Find the lecture slides here.
In the RL-lecture.ipynb
notebook you will find the exercises used
during the lecture, whereas in RL-lecture-solutions.ipynb
you can find
the solutions to the exercises.
The lecture contains exercises on the following topics:
- Learn how to interact with RL environments using Gymnasium.
- Markov Decision Process (MDP).
- Dynamic programming (DP): Policy Evaluation and Value Iteration algorithms.
- Maintaining exploration with epsilon-greedy policies.
- TD(0) methods for sample-based RL: a comparison between SARSA and Q-learning.
- Function approximation: train a deep reinforcement learning agent to control a Lunar Lander.
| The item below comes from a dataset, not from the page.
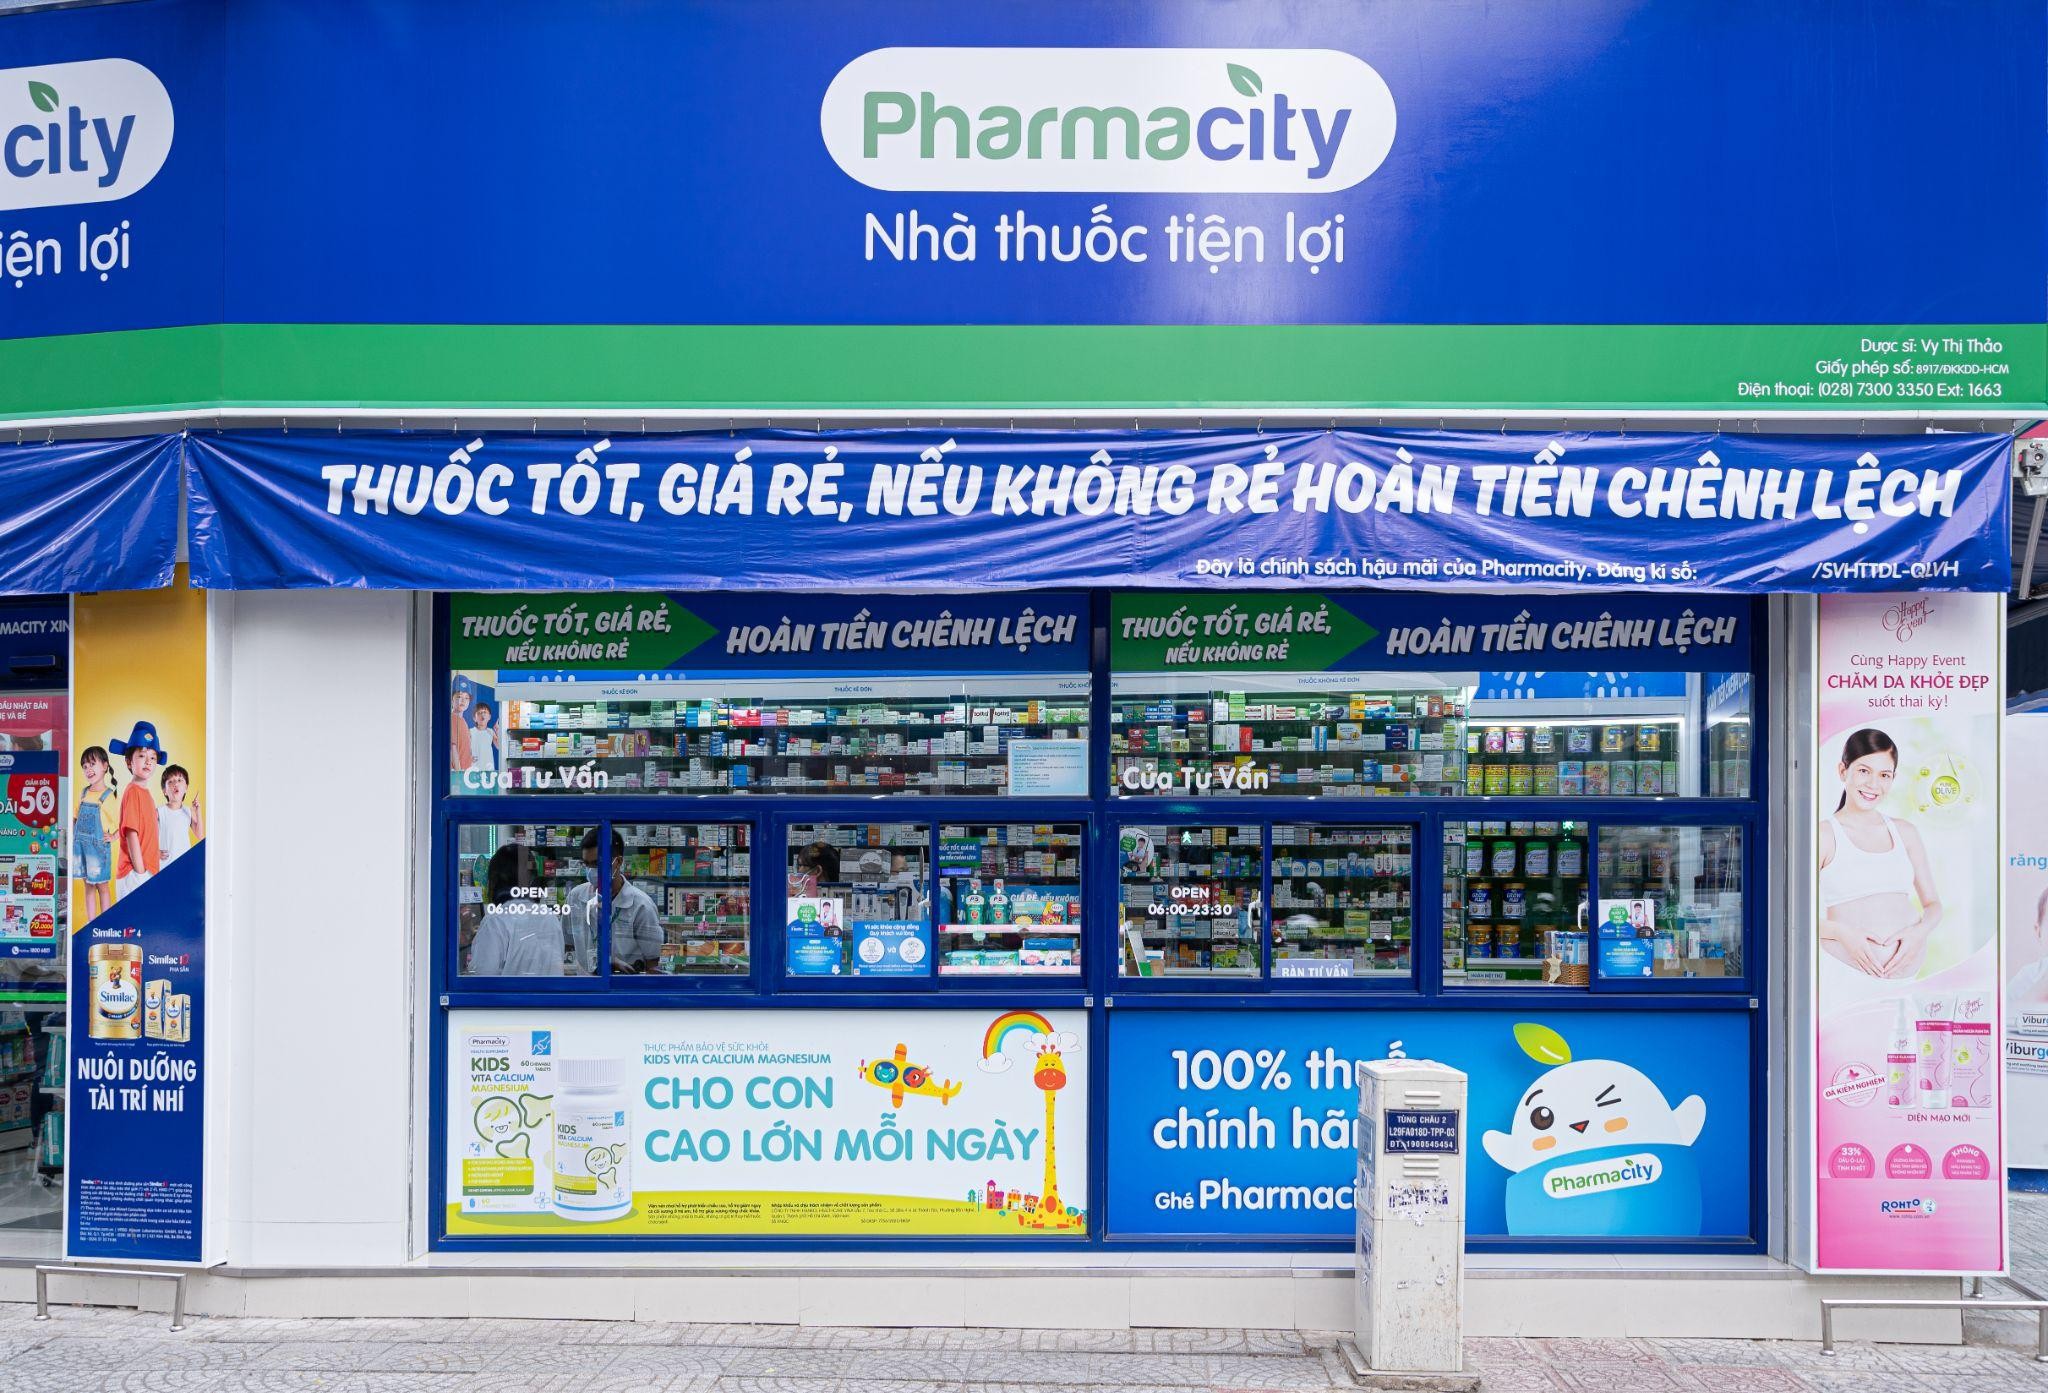 
Chuỗi nhà thuốc Pharmacity được thành lập vào năm 2012, đến năm 2019 thì chuỗi Pharmacity được Mekong Capital bắt đầu tài trợ vốn

In this presentation you can find more details on how to setup the execution environment to run the exercises of the RL lecture, which include two alternative ways: CERN's KubeFlow cluster or Google Colaboratory.
There is a third option, if you want work on your laptop: use python virtual environments.
# Create a virtual env called ".venv"
python3 -m venv .venv
# Activate it
source .venv/bin/activate
# Install libraries
pip install -r requirements.txt
# Launch jupyter notebook server
jupyter notebook
A new window should open in the browser... If the window does not open, you can try
pasting this in the search bar of your browser: http://localhost:8888/
The Dockerfile is meant to generate a Docker image to be used as a notebook server in CERN's KubeFlow (pretty much a JupyterLab image). However, you won't need it.